6 Replies to "Broken state programming"


Andy  on February 1, 2009

hey Colm,

Its an interesting perspective.. It certainly wont be mentioned in any “Agile” development books, but I’ve come to the conclusion they don’t work for me.

I’m not even a pretend developer mind you, but I do notice I end up being a lot more productive when I start off fixing a genuine/obvious problem – once that’s done, its easier to get stuck in with the rest.


jeroen  on February 1, 2009

Hmmm… for me the trick seems to be purely one thing: Interest.

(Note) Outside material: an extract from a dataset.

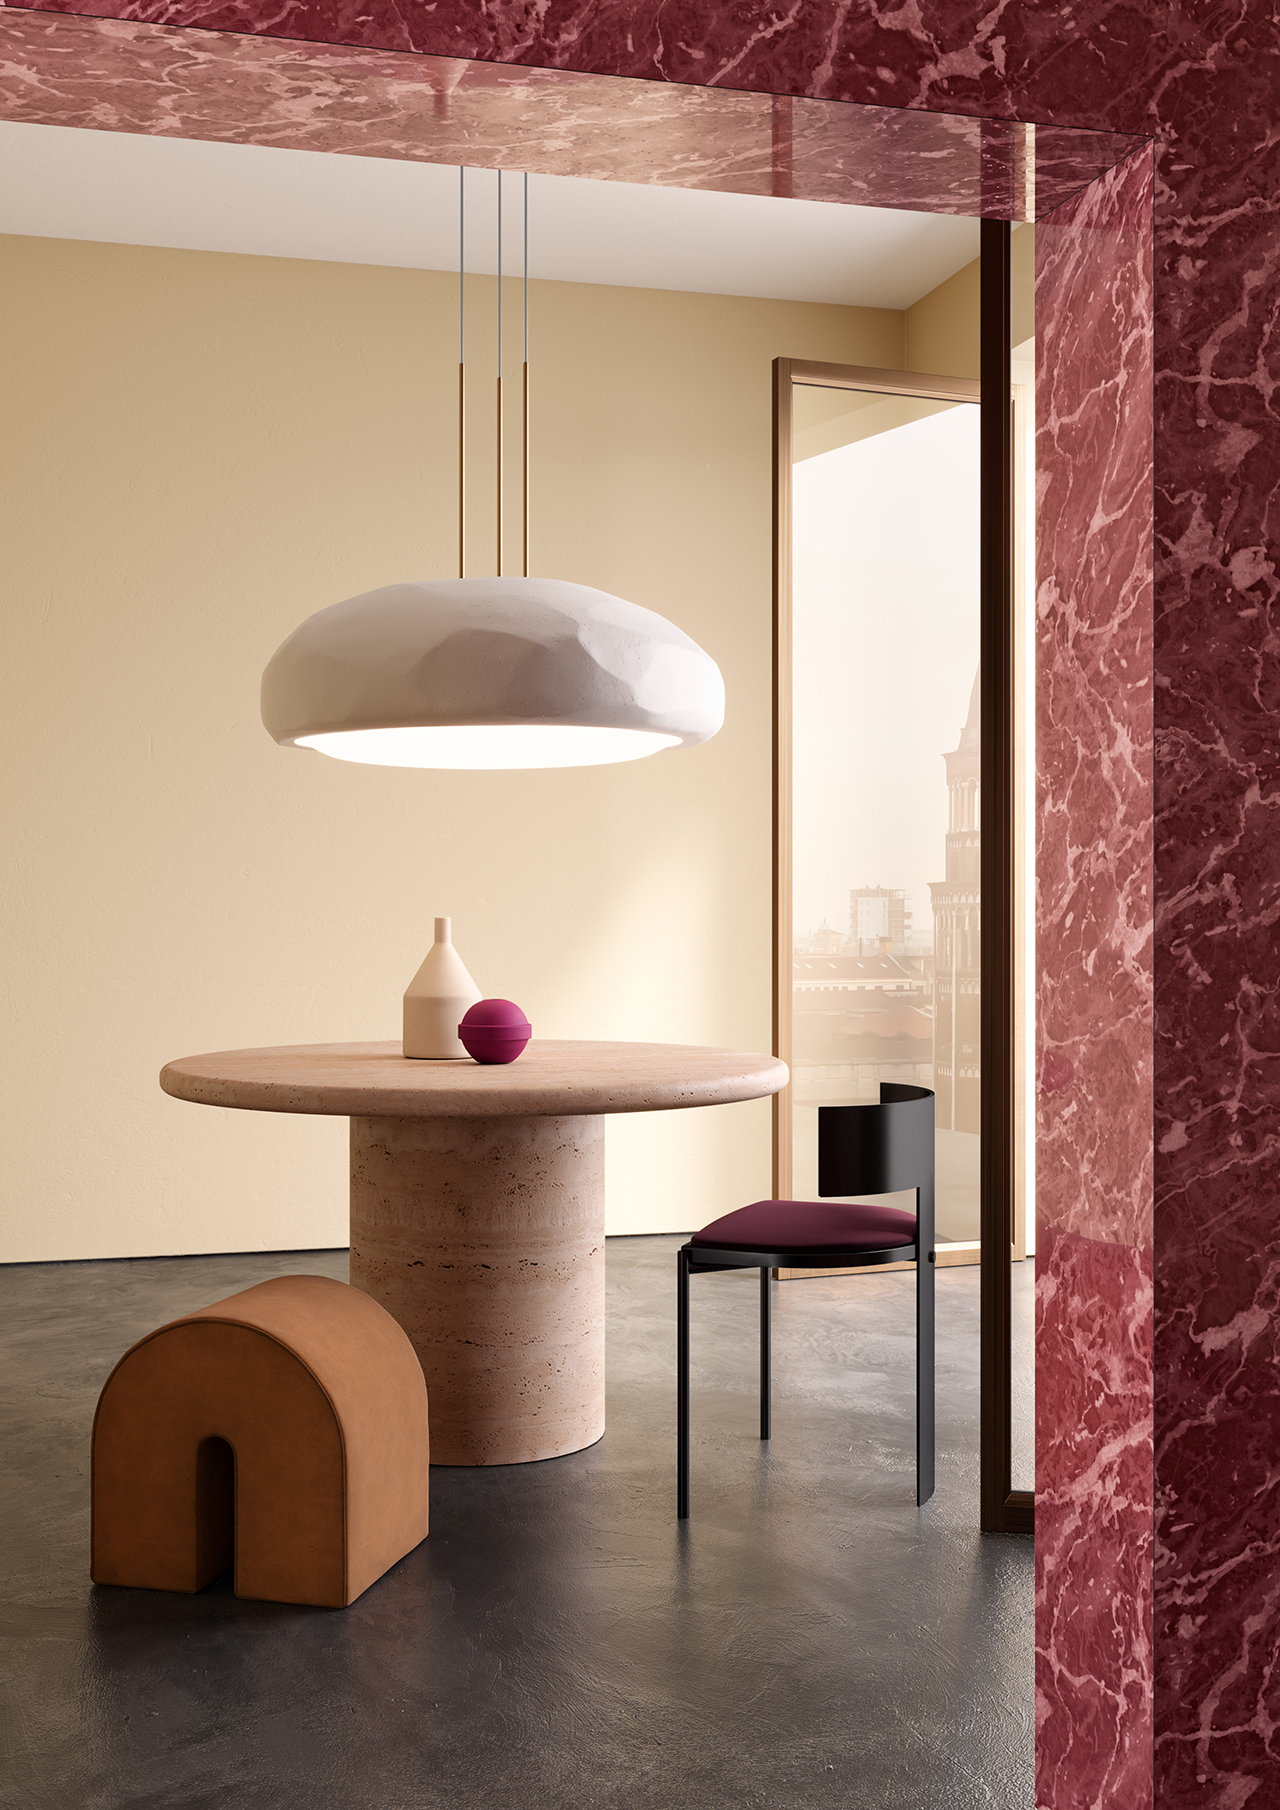 pendant light in living space

As long as I am interested in solving a problem (as that is how I see ‘programming’, just a way to solve a specific set of problems) I will keep biting on it till the problem is resolved, generally that means that it will be resolved in a very very short time. When I loose that interest though I probably will not even look back at it again unless for some reason I get interest again.

Interruptions don’t seem to be a problem for me, because I will simply pick it up again, and there will always be interruptions.

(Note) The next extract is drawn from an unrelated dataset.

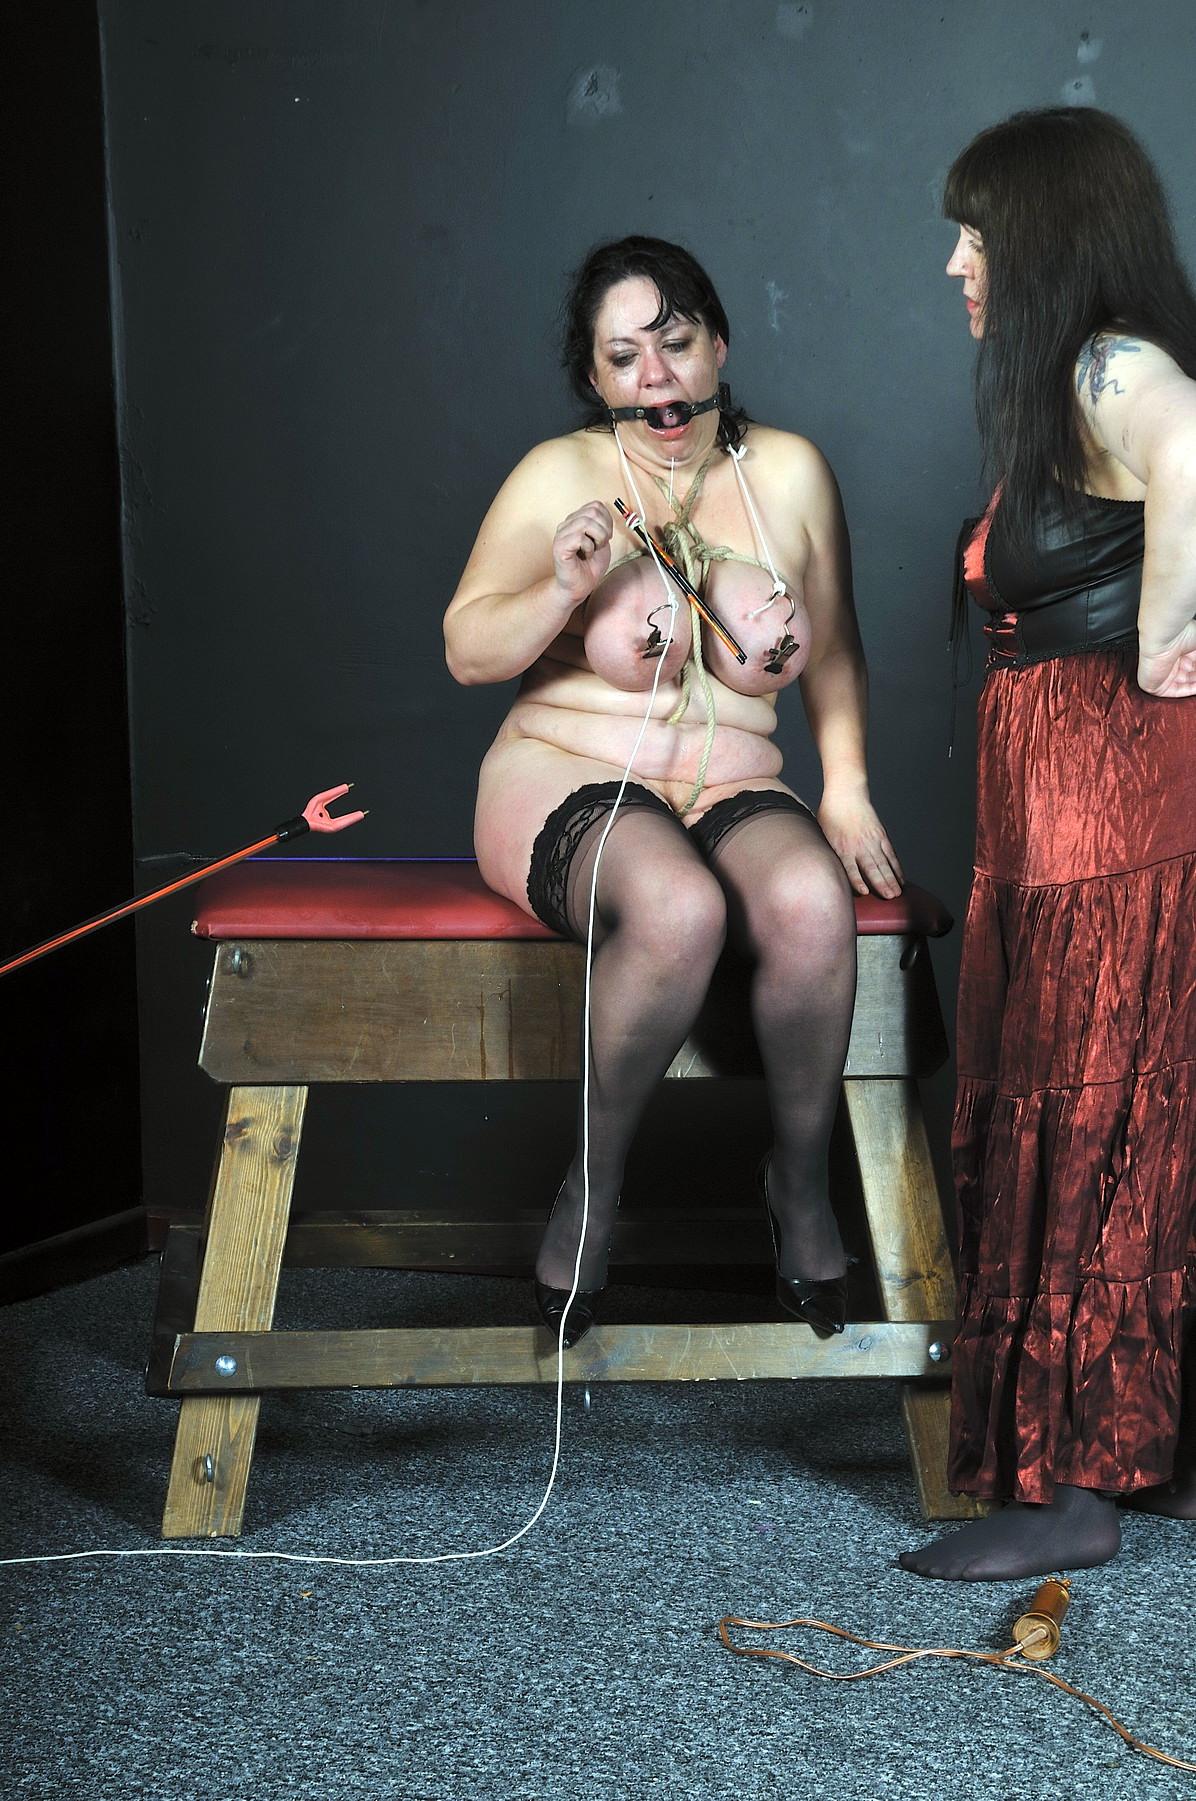 Bbw lesbian slave Legal Babes

Meh, it is all difficult, but just keeping interest helps for me ;)


Kae Verens  on February 1, 2009

I agree with Jeroen – interest is what helps me get some of the more difficult tasks finished. If I’m not interested, it’s going to take a long time for me to get around to it, even if it only takes five minutes to write.

When I started programming, I would start something by writing it in commented-out pseudo-code, then replace the pseudo-code with real code, testing all the while. Hmm… can’t see what I’m typing now – I think you need scroll-bars on this thing…

Anyway – that allowed me to walk off or be interrupted without losing anything – the train of thought had already been written in pseudo-code, so people were free to interrupt me.


Dave Concannon  on February 1, 2009

I’d agree with Jeroen too, though from the perspective of someone who works from home full-time your method has merit. Unless I’m in the middle of something supremely interesting, my usual start to the day involves picking an easy-to-fix bug from the company bug-tracker to get the day started. Without being able to pick something simple to kick-start my brain the normal distractions


Dave Concannon  on February 1, 2009

… of social networking, mail, etc might prevent me getting into a pattern of
thought that’s useful for more important work.


Emmanuel Lecharny  on February 2, 2009

I share almost every single feeling Com’s is having. And I also agree with the two camps thing. Professional writers have a special expression for this ‘starting pain’ issue : they call it ‘fear of the blank page’. When it comes to write down the first sentence of a book, you just know that you have so much to write that you just don’t know how to start climbing the montain.
When it comes to code, it’s about the same. Some of us can start immediately, some other need to wait, wait, wait until they get a clear picture of the whole thing. Fixing broken code is also something I like, because it’s like working in a frame you know, and you immediately see where it’s broken, or where it can be repeared.

I like to see the coders as either visionaries (those who can write a prototype from scratch), and executors (those who transform this prototype into a decent piece of software). A very few peeps are talented enough to be a mixture of both, but so far, it’s very rare, because cleaning code is so time consumming that it kills imagination at some point.